The task.
From the data below, repeat everything exactly except the images.
Data to process below:
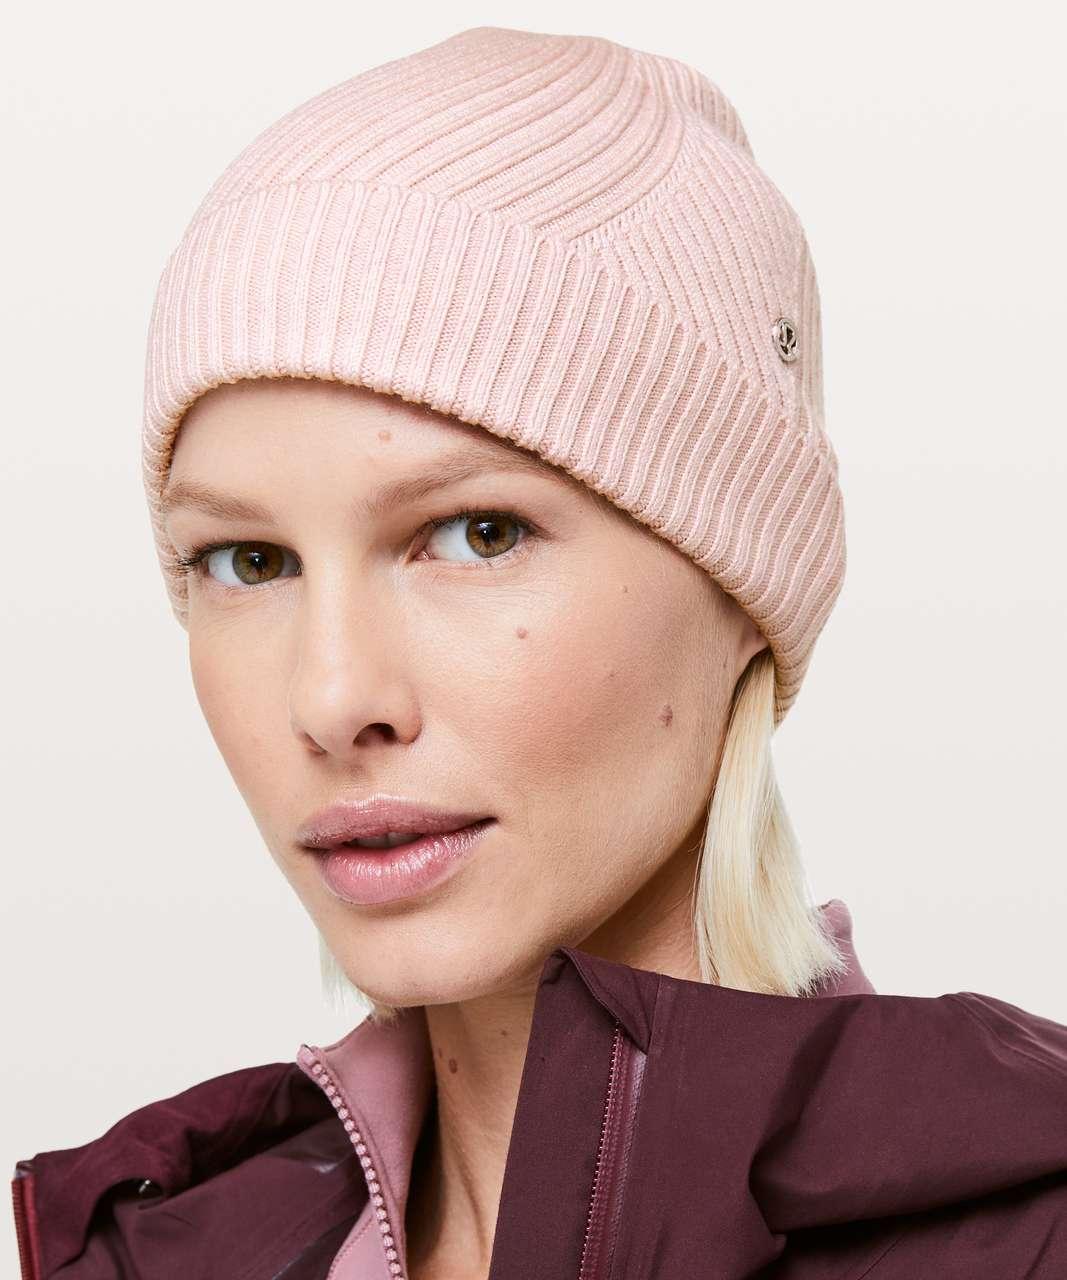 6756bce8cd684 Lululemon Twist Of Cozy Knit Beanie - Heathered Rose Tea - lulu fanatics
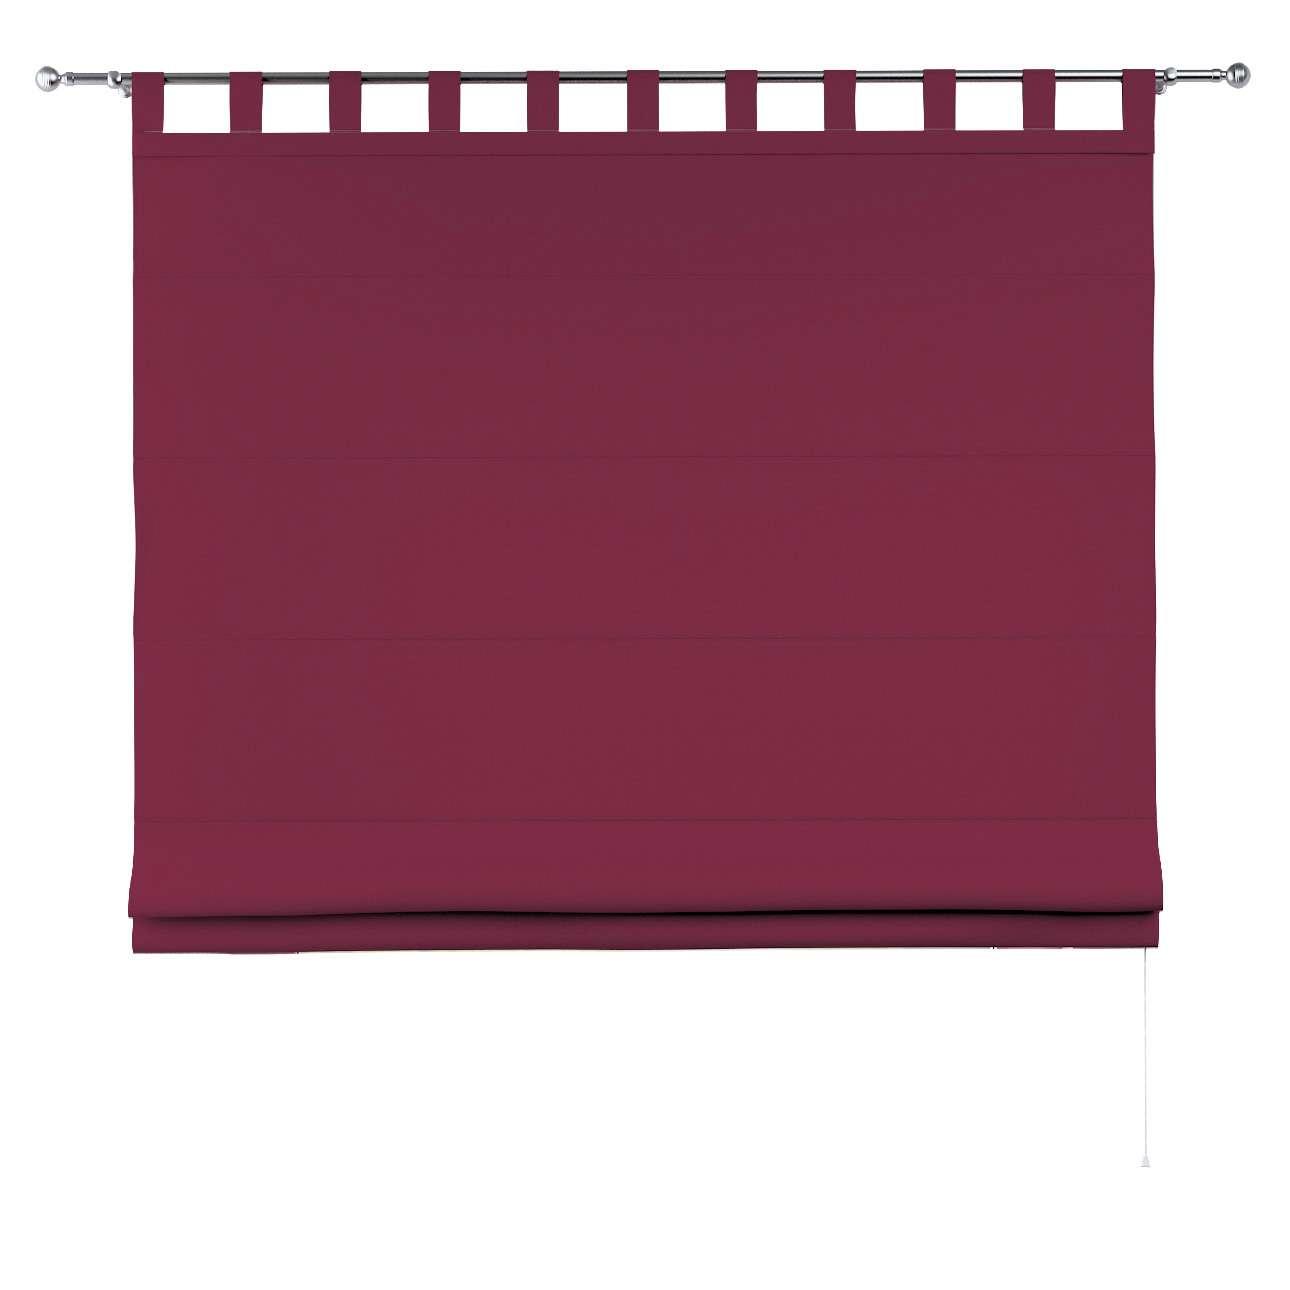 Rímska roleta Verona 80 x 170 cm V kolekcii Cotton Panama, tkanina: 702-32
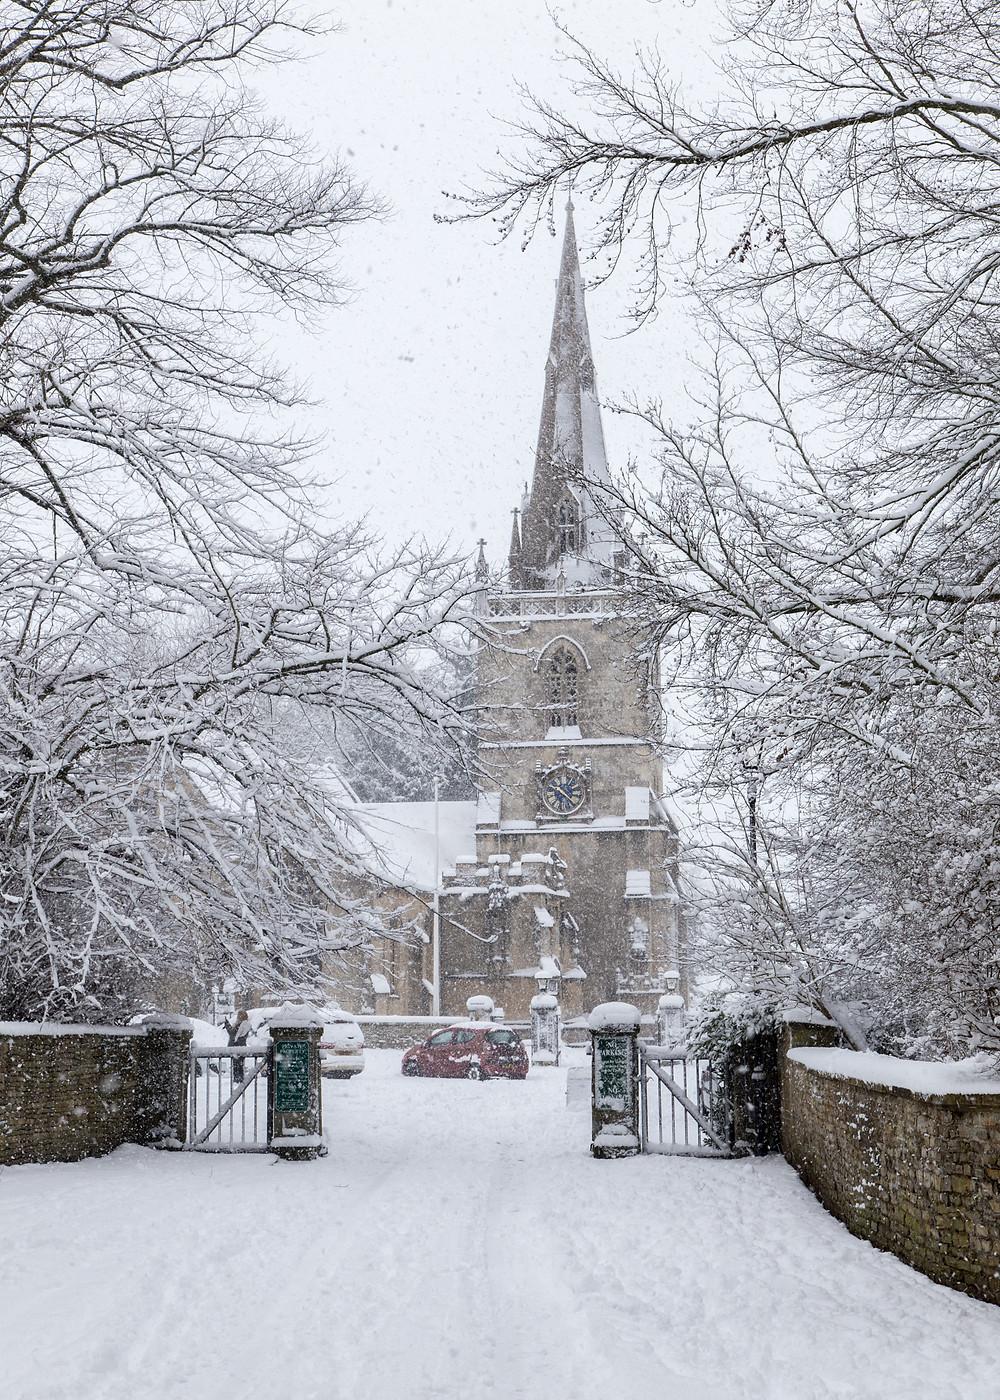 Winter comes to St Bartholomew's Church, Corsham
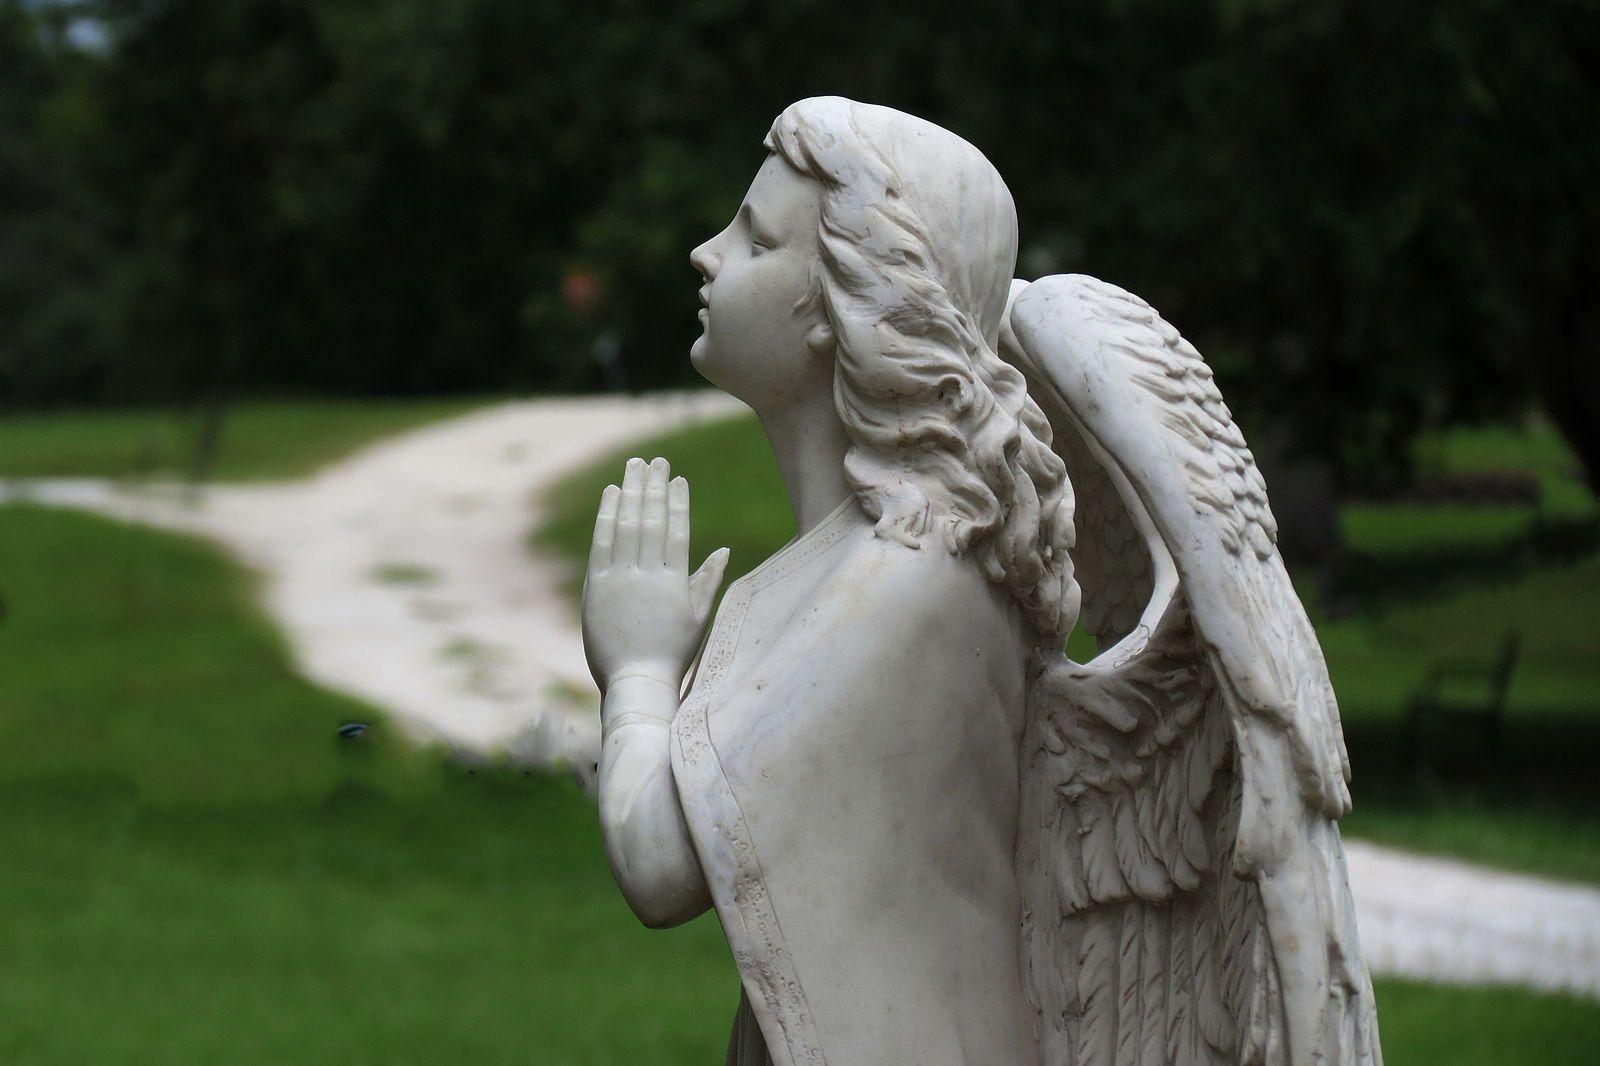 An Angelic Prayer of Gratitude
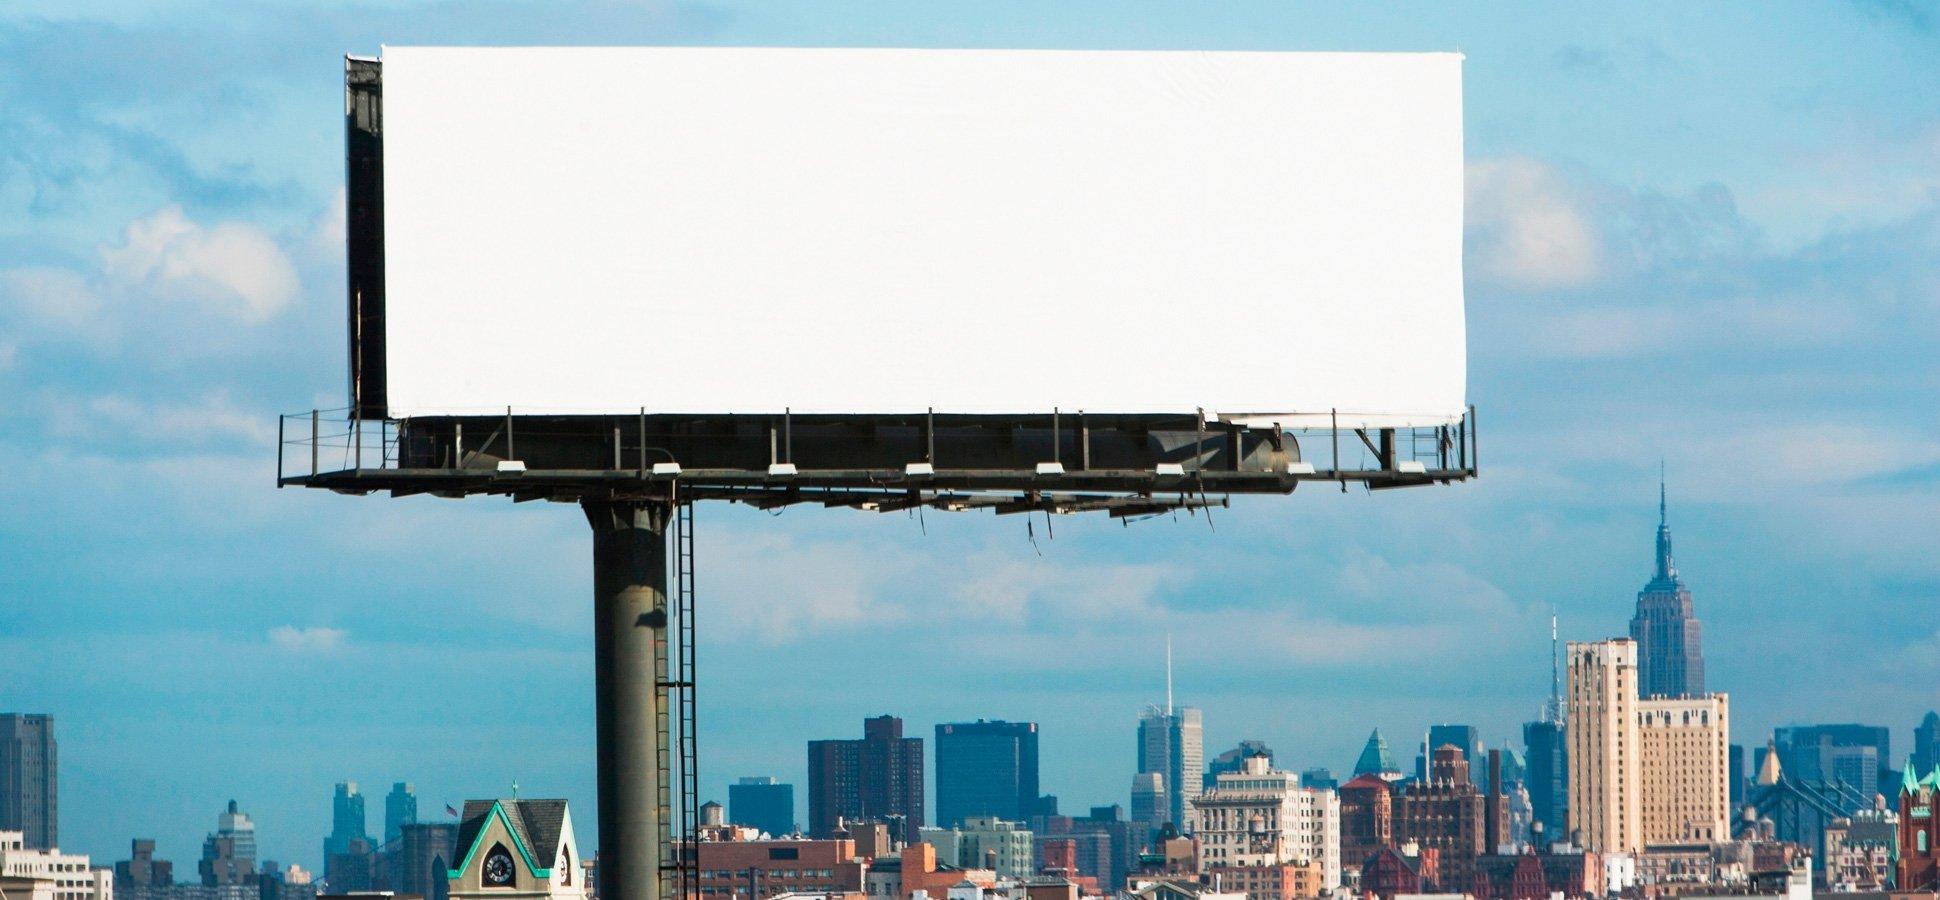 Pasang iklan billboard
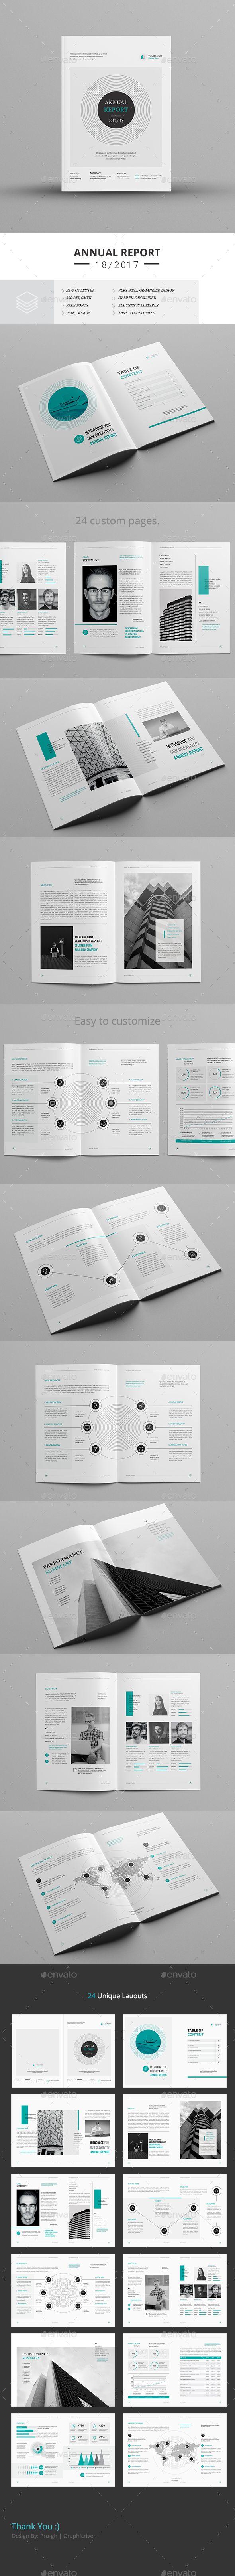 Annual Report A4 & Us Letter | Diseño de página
End of Data to process.
Answer to the problem.
 6756bce8cd684 Lululemon Twist Of Cozy Knit Beanie - Heathered Rose Tea - lulu fanatics
 Rímska roleta Verona 80 x 170 cm V kolekcii Cotton Panama, tkanina: 702-32
 Winter comes to St Bartholomew's Church, Corsham
 An Angelic Prayer of Gratitude
 Pasang iklan billboard
 Annual Report A4 & Us Letter | Diseño de página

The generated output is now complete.